За год Златоуст многому научился. В рисовании он быстро добился изрядной уверенности, и наряду с резьбой по дереву мастер Никлаус иногда позволял ему попробовать свои силы в работе с глиной. Первой его удачей была фигурка из глины, высотой добрых две пяди, это была ласкающая глаз, очаровательная фигурка маленькой Юлии, сестры Лидии. Мастер похвалил эту работу, но отказался выполнить желание Златоуста — отлить ее в металле; скульптура показалась ему лишенной целомудрия, слишком светской, и он не хотел быть ее крестным отцом. Затем пришел черед Нарцисса, Златоуст взялся воплотить его образ в дереве, причем в образе апостола Иоанна; в случае удачи Никлаус хотел включить эту скульптуру в группу, изображающую распятие Господне, на которую он получил заказ и над которой уже давно работали оба подмастерья, чтобы затем отдать ее мастеру для окончательной доводки.
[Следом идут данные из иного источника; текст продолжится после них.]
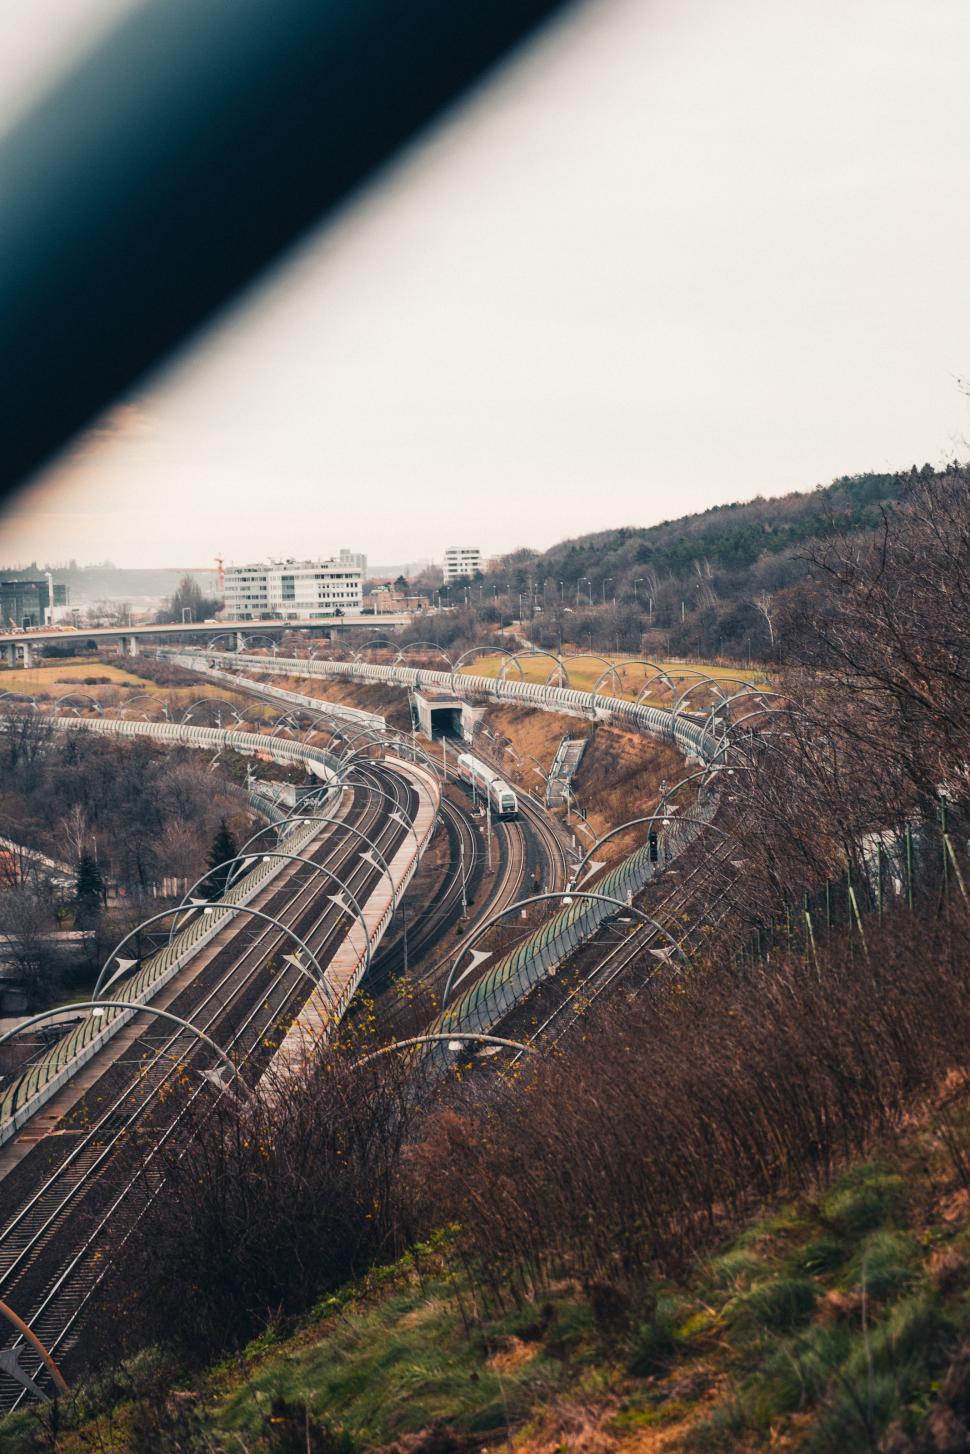 Free Image of Train tracks to Prague city

Над фигурой Нарцисса Златоуст трудился с глубокой любовью, в этой работе он снова обретал самого себя, свое призвание художника и свою душу, а ведь ему не раз случалось выбиться из колеи, такое бывало довольно часто: любовные приключения, танцы во время праздников, дружеские попойки, игра в кости, нередко и потасовки столь сильно увлекали его, что он целыми днями, а то и по несколько дней не заглядывал в мастерскую или же, расстроенный и недовольный, маялся над работой. Однако над своим апостолом Иоанном, чей задумчивый и такой любимый лик все отчетливее проступал в дереве, он работал самоотверженно и только в те часы, когда был готов к этому. В эти часы он бывал ни весел, ни печален, не знал радостей жизни, но и не терзался мыслью о бренности бытия; в сердце его снова поселялось то благоговейное, ясное и чистое чувство, с каким он когда-то отдавался другу и радовался его наставничеству. Не он стоял здесь и по собственной воле создавал скульптуру; скорее, это был другой, скорее, Нарцисс воспользовался его руками художника, чтобы вырваться из бренности и текучести жизни и запечатлеть свою сущность в чистом образе.
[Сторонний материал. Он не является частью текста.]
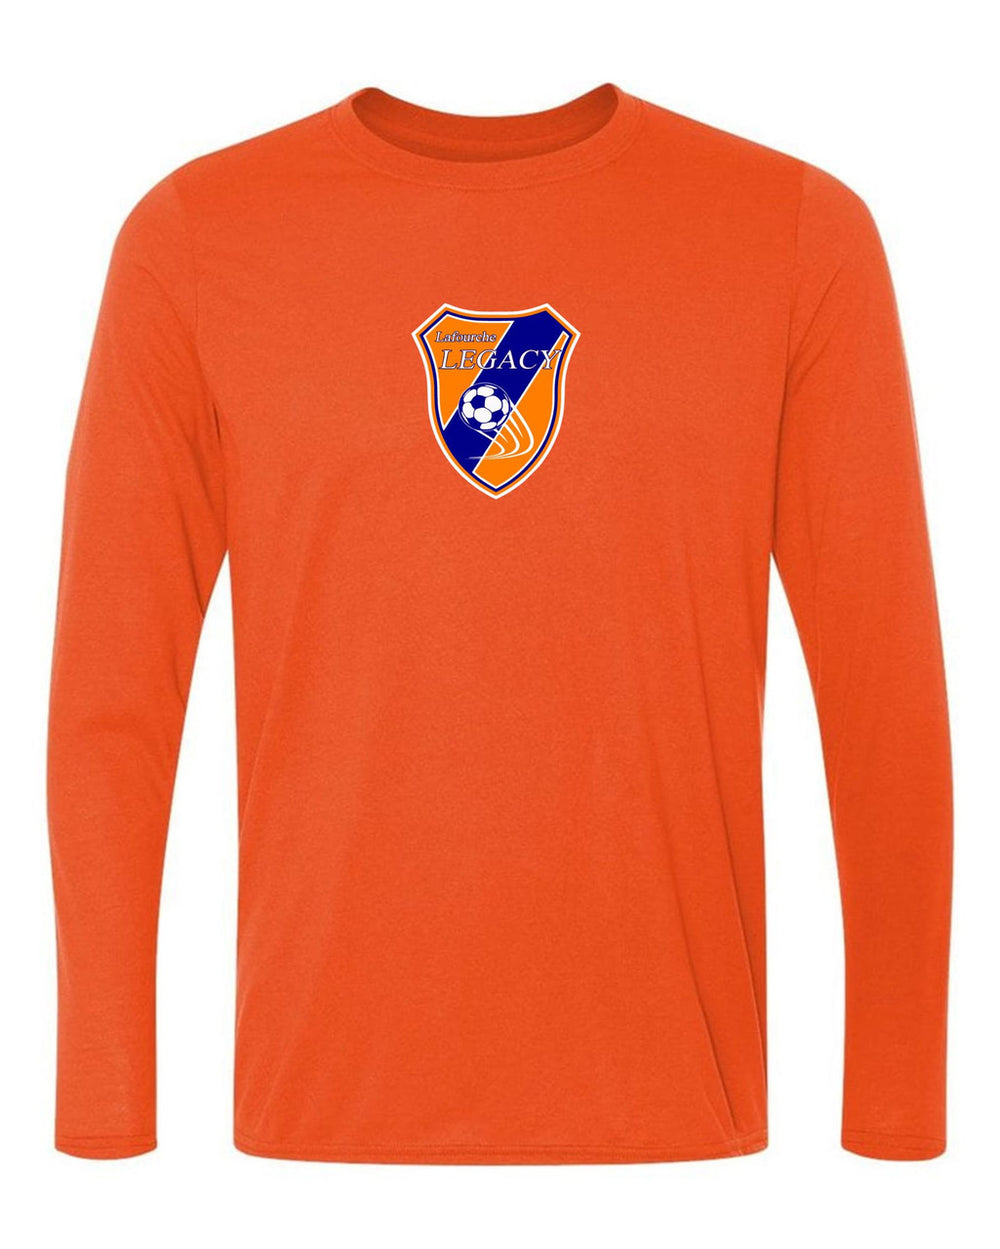 Lefourche Legacy Long-sleeve T-shirt - Navy or Orange    - Third Coast Soccer

Именно так, с душевным трепетом чувствовал иногда Златоуст, возникают истинные произведения. Так возникла незабвенная Мадонна мастера, которой он с тех пор не раз любовался по воскресеньям в монастыре. Именно таким возвышенным и таинственным образом возникали лучшие из созданных ранее скульптур, которые он видел наверху, в прихожей мастера. Вот так же возникнет когда-нибудь и другой образ, тот единственный и для него еще более таинственный и священный — образ Матери человеческой. Ах, если бы из рук человеческих могли выходить только такие творения, только такие священные, нужные людям, не запятнанные никаким вожделением и никаким тщеславием изображения! Но это было не так, он давно знал об этом. Можно создавать и другое, милые, восхитительные вещицы, выполненные с большим мастерством на радость любителям искусства, для украшения церквей и ратуш — прекрасные вещи, кто спорит, но не священные, не истинные отражения души. Он знал, что не только у Никлауса, но и у других мастеров были такие произведения, которые при всем изяществе замысла и тщательности исполнения были всего лишь безделицами. К стыду своему и печали, он познал уже на собственном опыте, ощутил собственными руками, как художник — из наслаждения своим уменьем, из тщеславия, из озорства — может давать миру такие прелестные вещицы.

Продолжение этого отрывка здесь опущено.